- **Source data**:
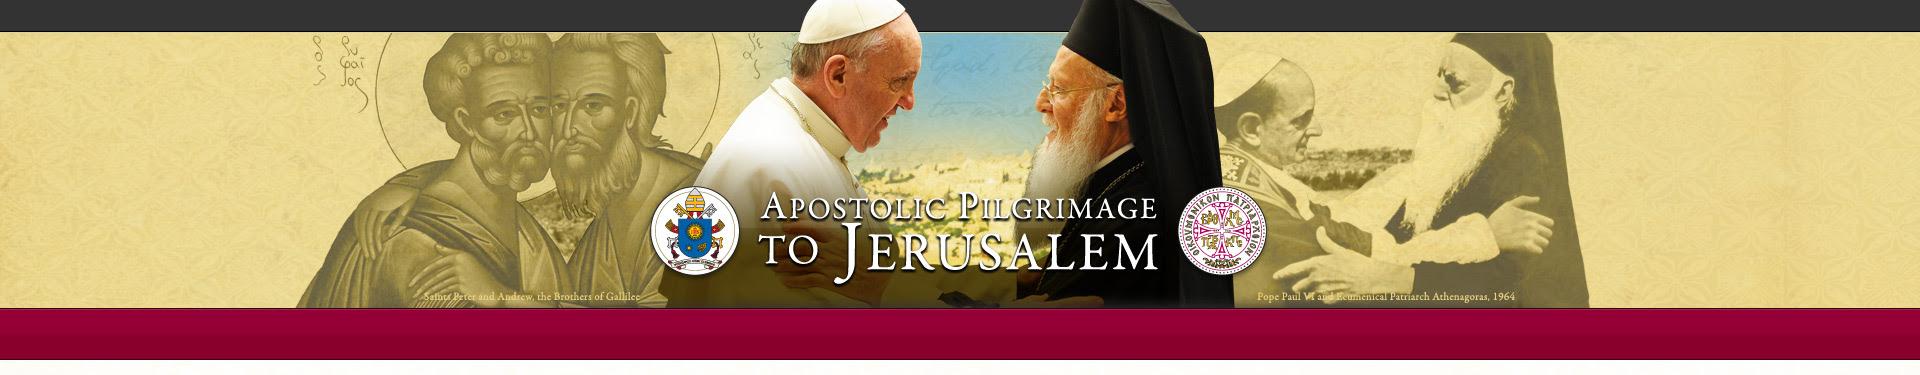 http://www.apostolicpilgrimage.org/apostolic-pilgrimage-theme/images/apostolic_pilgrimage_header_desktop.jpg
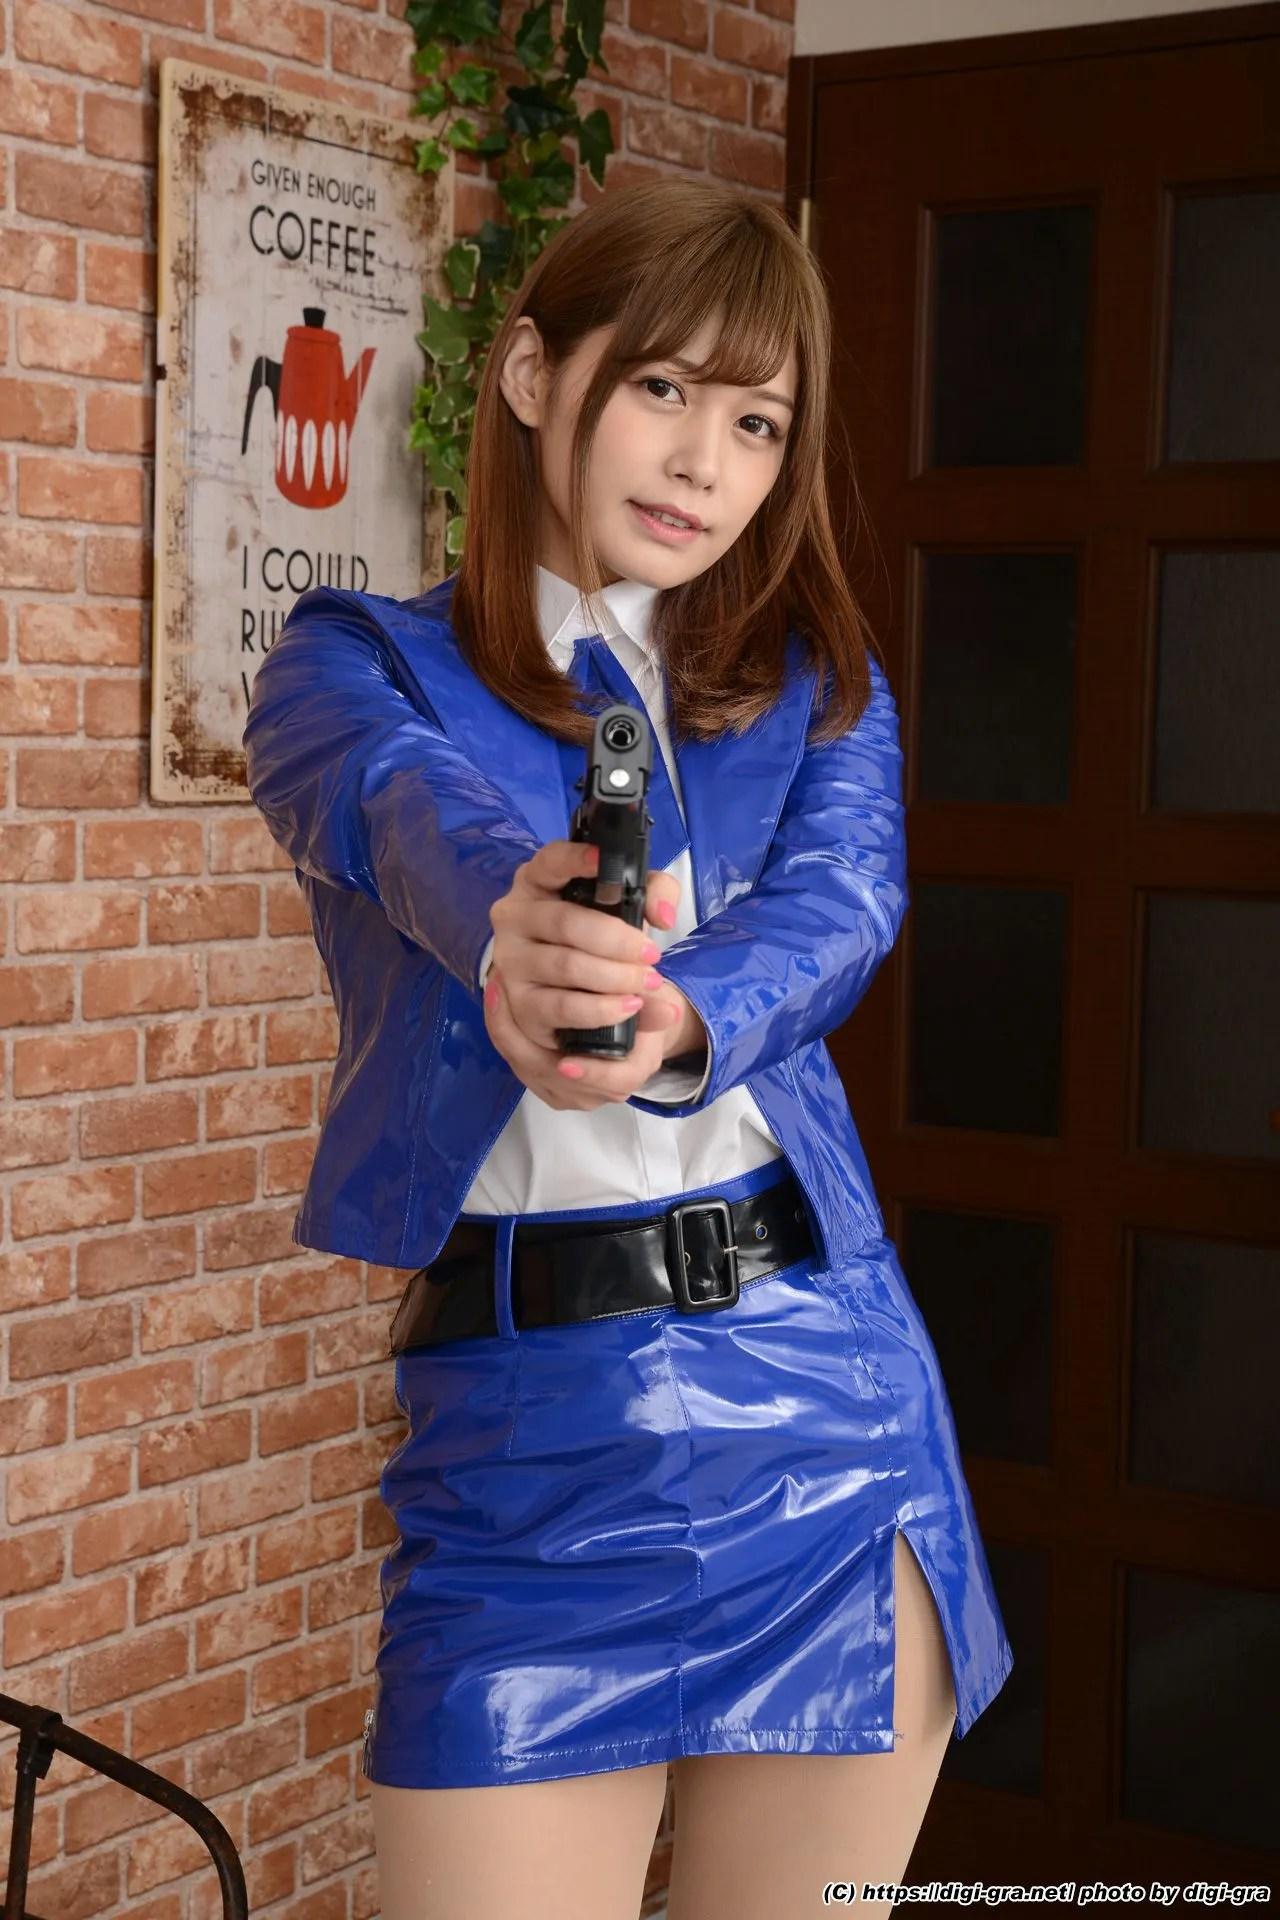 [Digi-Gra] Hikaru Konno 绀野ひかる Photoset 07 写真集[74P]插图(4)
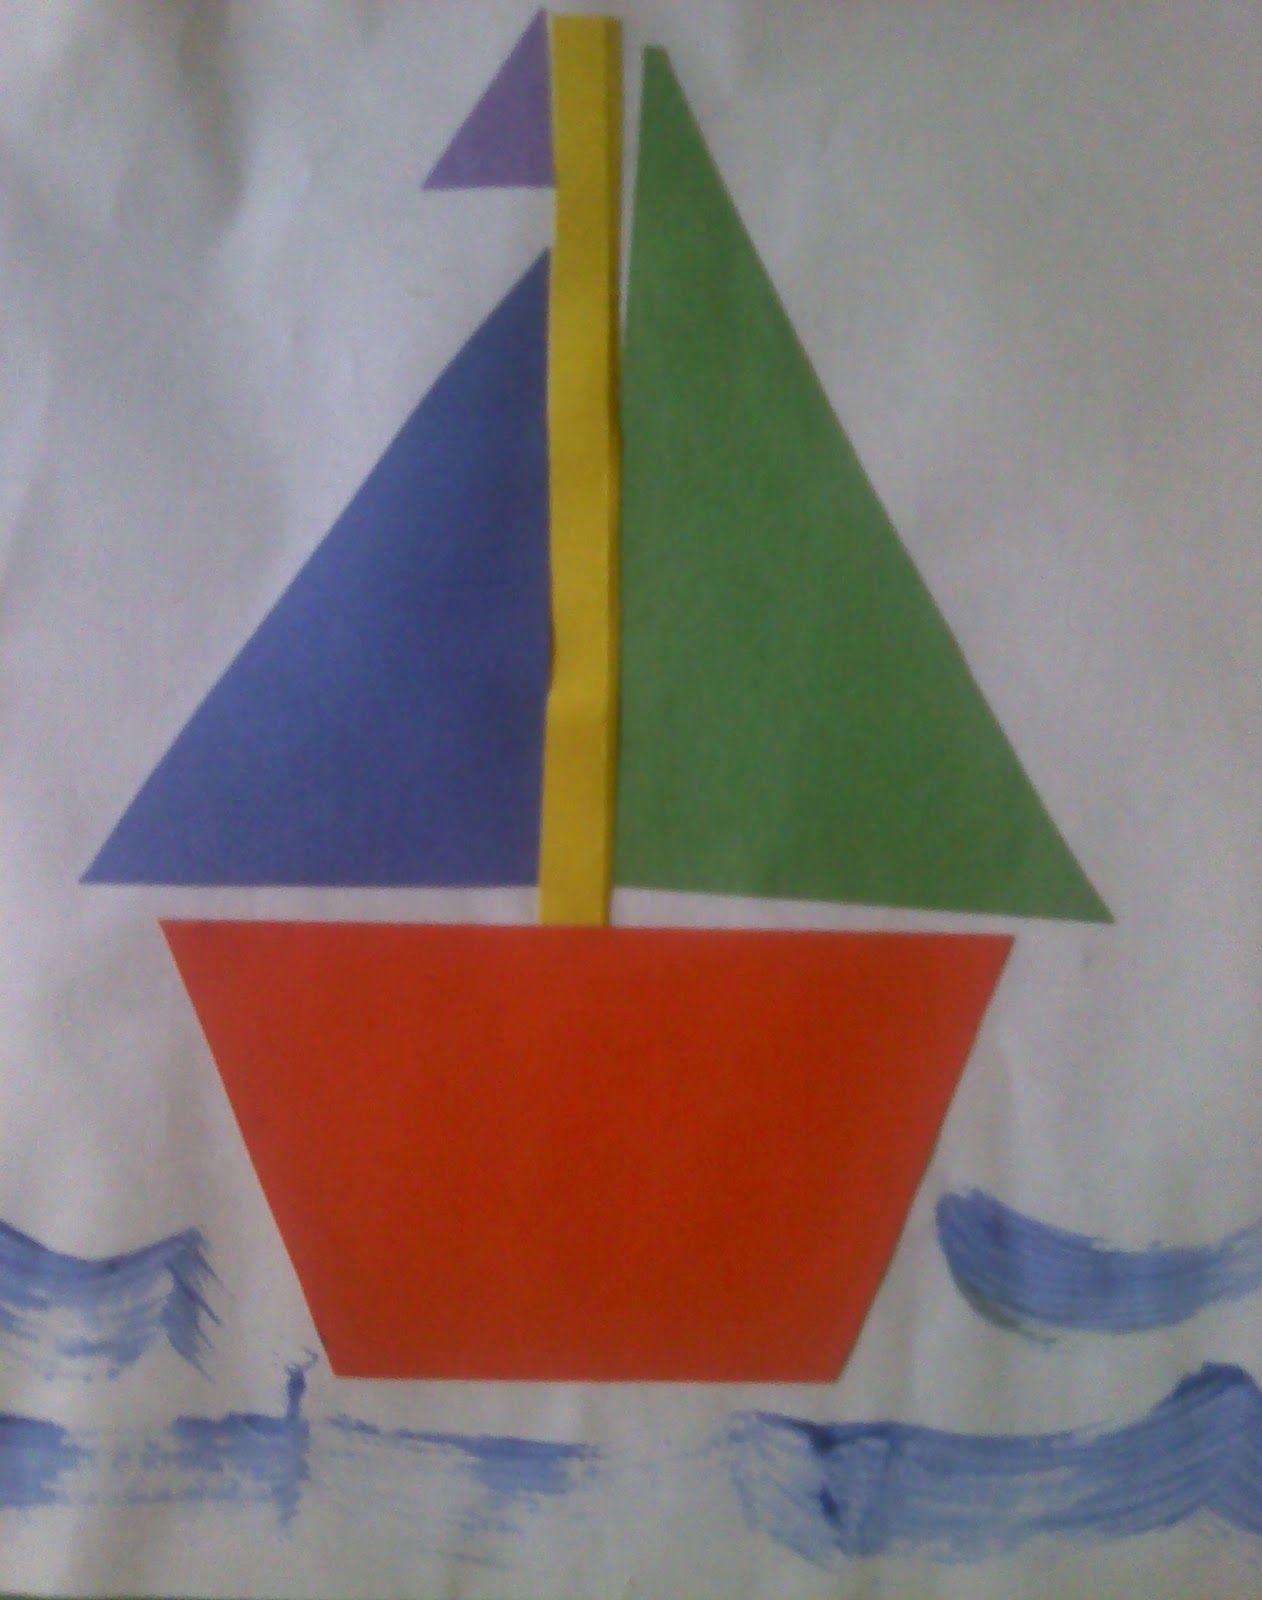 Crafts For Preschoolers Shape Sailboat

- **Your goal**:
Starting with the line that contains "[Digi-Gra] Hikaru Konno", repeat each line exactly until the listing ends, including the last one. Leave pictures out.

- **Output of the exercise**:
 [Digi-Gra] Hikaru Konno 绀野ひかる Photoset 07 写真集[74P]插图(4)
 Crafts For Preschoolers Shape Sailboat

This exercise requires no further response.